General Rule: The approval of the court sitting in probate is not a mandatory requirement in
the collection of estate taxes. In case of failure to file a return, the tax may be assessed at
anytime within 10 years after the omission.

FACTS:
Ferdinand Marcos II sought for the reversal of the ruling of the Court of Appeals to grant CIR's
petition to levy the properties of the late Pres. Marcos to cover the payment of his tax
delinquencies during the period of his exile in the US. The Marcos family was assessed by the
BIR after it failed to file estate tax returns.

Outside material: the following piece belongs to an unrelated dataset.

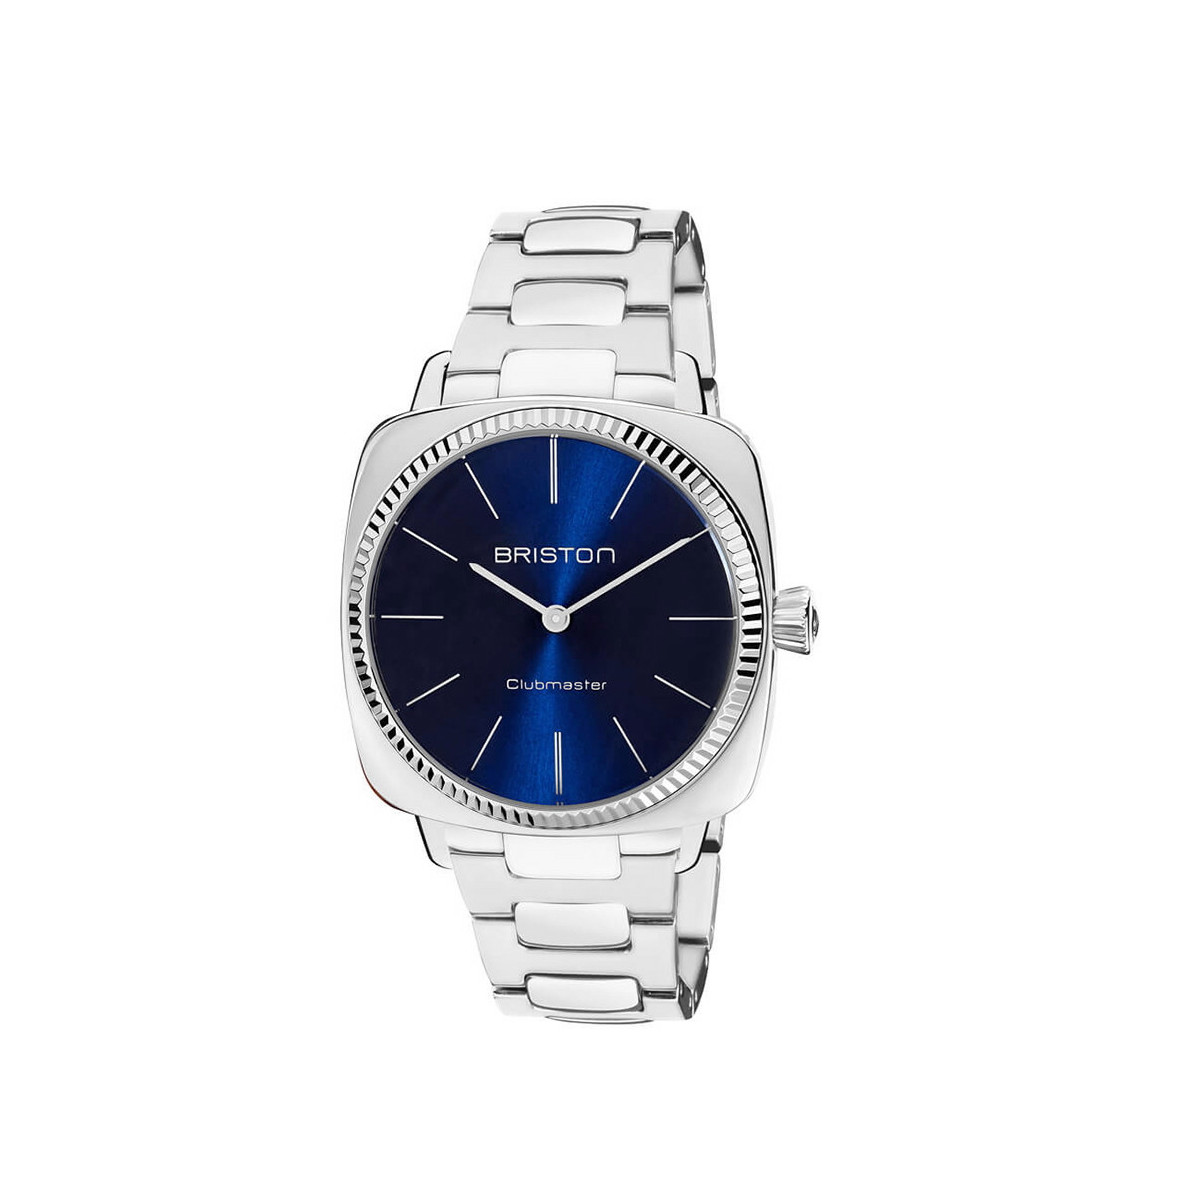 Reloj Coronel Tapiocca Azul Acero Classic, Joyería ARESSO

However the assessment were not protested administratively by Mrs. Marcos and the heirs of
the late president so that they became final and unappealable after the period for filing of
opposition has prescribed. Marcos contends that the properties could not be levied to cover
the tax dues because they are still pending probate with the court, and settlement of tax
deficiencies could not be had, unless there is an order by the probate court or until the probate
proceedings are terminated.

Petitioner also pointed out that applying Memorandum Circular No. 38-68, the BIR's Notices of
Levy on the Marcos properties were issued beyond the allowed period, and are therefore null
and void.

ISSUE: Are the contentions of Marcos II correct?

HELD:

No, his contentions are incorrect. The Supreme Court held that, from the foregoing, it is
discernible that the approval of the court, sitting in probate, or as a settlement tribunal over
the deceased is not a mandatory requirement in the collection of estate taxes. It cannot
therefore be argued that the Tax Bureau erred in proceeding with the levying and sale of the
properties allegedly owned by the late President, on the ground that it was required to seek
first the probate court's sanction. There is nothing in the Tax Code, and in the pertinent
remedial laws that implies the necessity of the probate or estate settlement court's approval of
the state's claim for estate taxes, before the same can be enforced and collected.

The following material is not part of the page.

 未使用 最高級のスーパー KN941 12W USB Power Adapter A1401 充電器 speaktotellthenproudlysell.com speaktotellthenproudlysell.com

The deficiency income tax assessments and estate tax assessment are already final and
unappealable -and-the subsequent levy of real properties is a tax remedy resorted to by the
government, sanctioned by Section 213 and 218 of the National Internal Revenue Code. This
summary tax remedy is distinct and separate from the other tax remedies (such as Judicial Civil
actions and Criminal actions), and is not affected or precluded by the pendency of any other tax
remedies instituted by the government.
On the issue of prescription, the omission to file an estate tax return, and the subsequent
failure to contest or appeal the assessment made by the BIR is fatal to the petitioner's cause, as
under Sec.223 of the NIRC, in case of failure to file a return, the tax may be assessed at anytime
within 10 years after the omission, and any tax so assessed may be collected by levy upon real
property within 3 years (now 5 years) following the assessment of the tax. Since the estate tax
assessment had become final and unappealable by the petitioner's default as regards
protesting the validity of the said assessment, there is no reason why the BIR cannot continue
with the collection of the said tax.